A German news broadcaster's report on UK political chaos has gained attention across the world due to her expletive descriptions of Liz Truss' last days in power.


Truss quit after just six weeks in office, making her the shortest-serving prime minister in history. 

As reporters across the world covered the story, German ARD news correspondent Annette Dittert caused a stir on social media with her word-for-word quotes while describing the government crisis leading up to Truss' resignation. 


On Thursday when Dittert was reporting on the chaotic incidents that happened the previous evening, she used strong English swear words - something which would be extremely unusual on British TV.

While describing the lack of cohesion and chaotic scenes in the House of Commons on Wednesday during a vote on fracking, Dittert said that the former Prime Minister's deputy whip Craig Whittaker vented his frustration by saying he was "f**king furious and I don't f**king care anymore".

"Fisticuffs broke out in the lobby, where the votes are cast," Dittert said in German while describing the atmosphere. "Government members are said to have physically pulled other Tory MPs into the right box."

"Then suddenly it was said that there was no parliamentary group coercion, although this had been announced beforehand, whereupon the deputy leader of the parliamentary group left parliament with the words: 'I'm f**king furious and I don't f**king care anymore.'

"I'm not translating that now (into German), but this is a party where really every discipline has broken down," she added.

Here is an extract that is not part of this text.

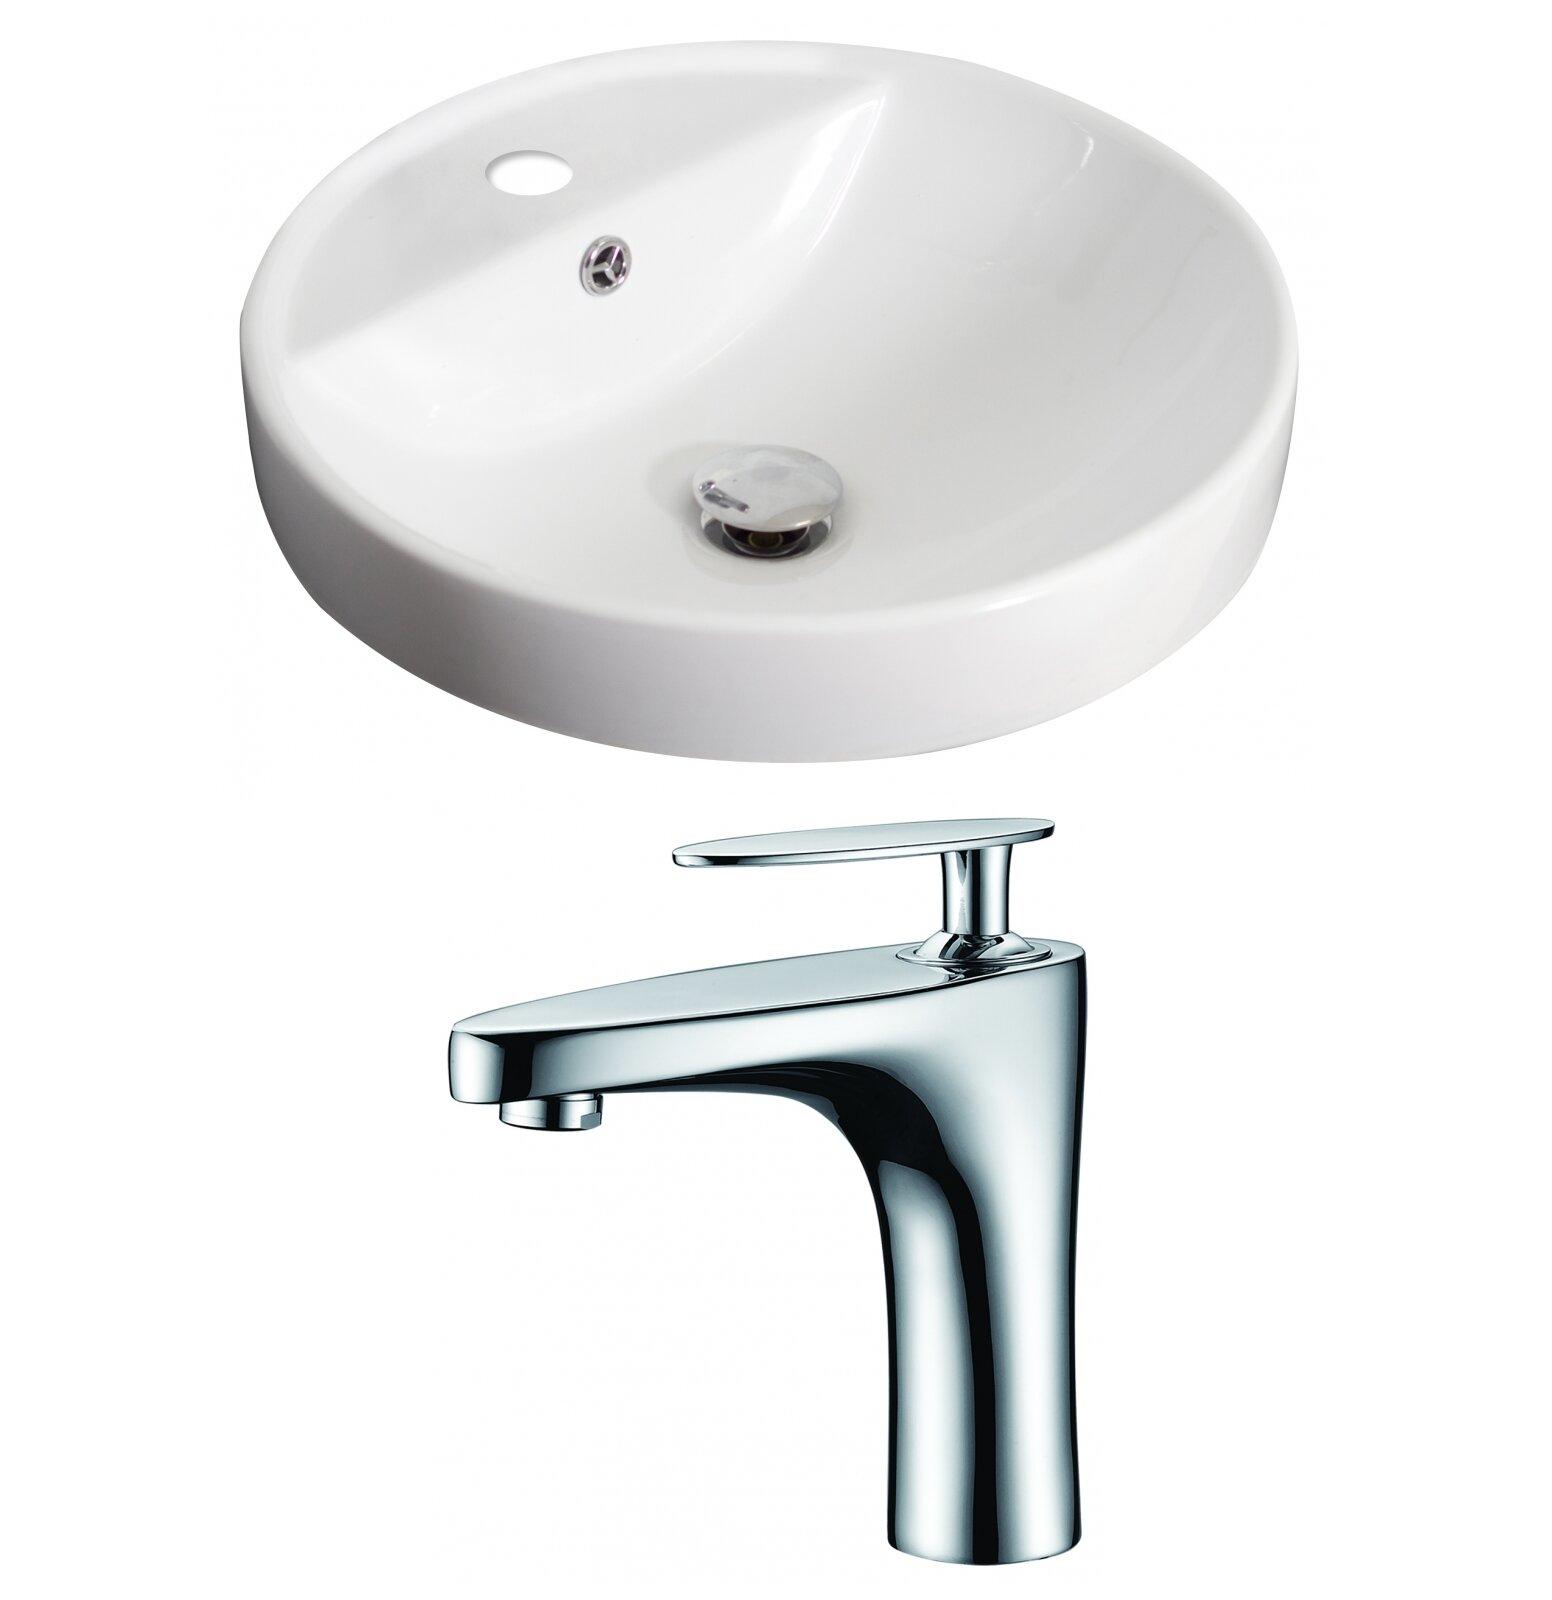 Avanities Ceramic Circular Drop In Bathroom Sink With Faucet And
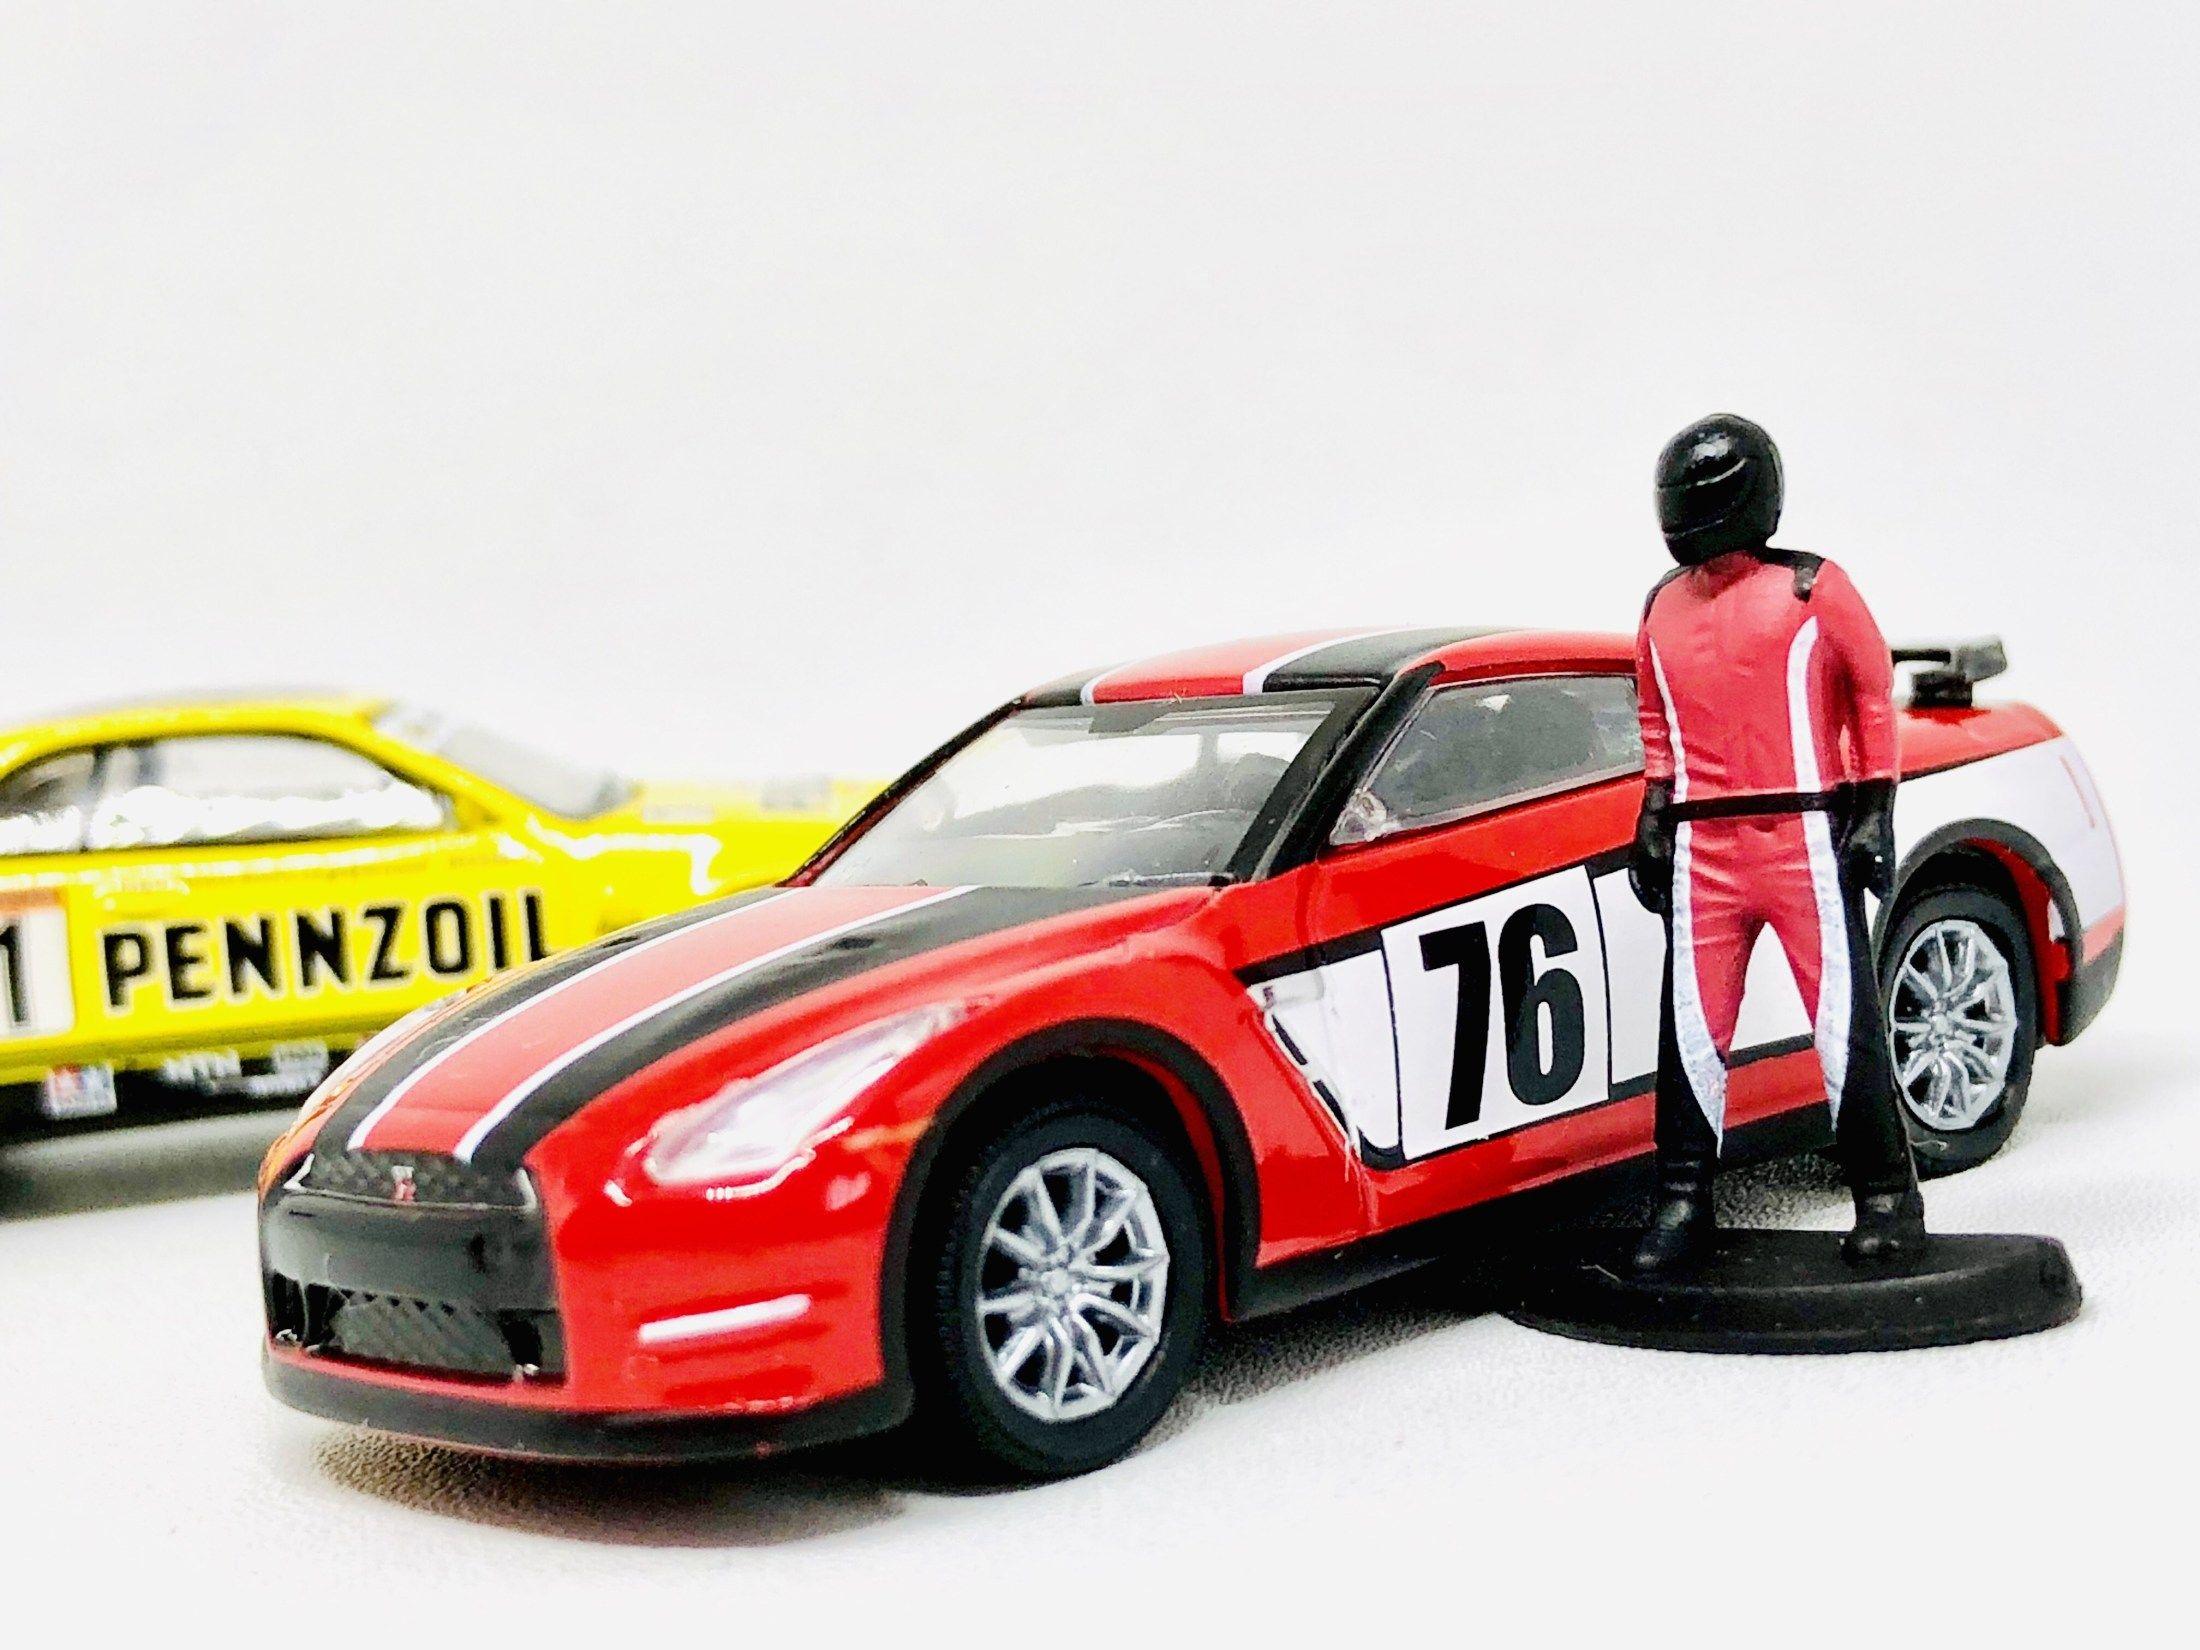 Greenlight Indonesia Skyline Pennzoil Vs Hobby Shop Diecastgraphy Hot Wheels Nissan Skyline Mobil Balap

Her candid report has been celebrated by many. One social media user called it the "best commentary on Truss resignation chaos".

Some people questioned why it was acceptable to use English swear words on German TV. 

Dittert said it was the first time she had used swear words in English on German TV - but added on Twitter that she was quoting a "Tory in despair" rather than using the language herself.

However, as The Local has reported in the past, Germans in general tend to be more accepting of English swear words - they are not seen to be as offensive as swearing in Germany.

Some words are also used in a different way than native English speakers. For example, it's not unusual for mainstream German media and politicians - even former chancellor Angela Merkel - to say words like "shitstorm", which is used by Germans to describe a controversy on the internet.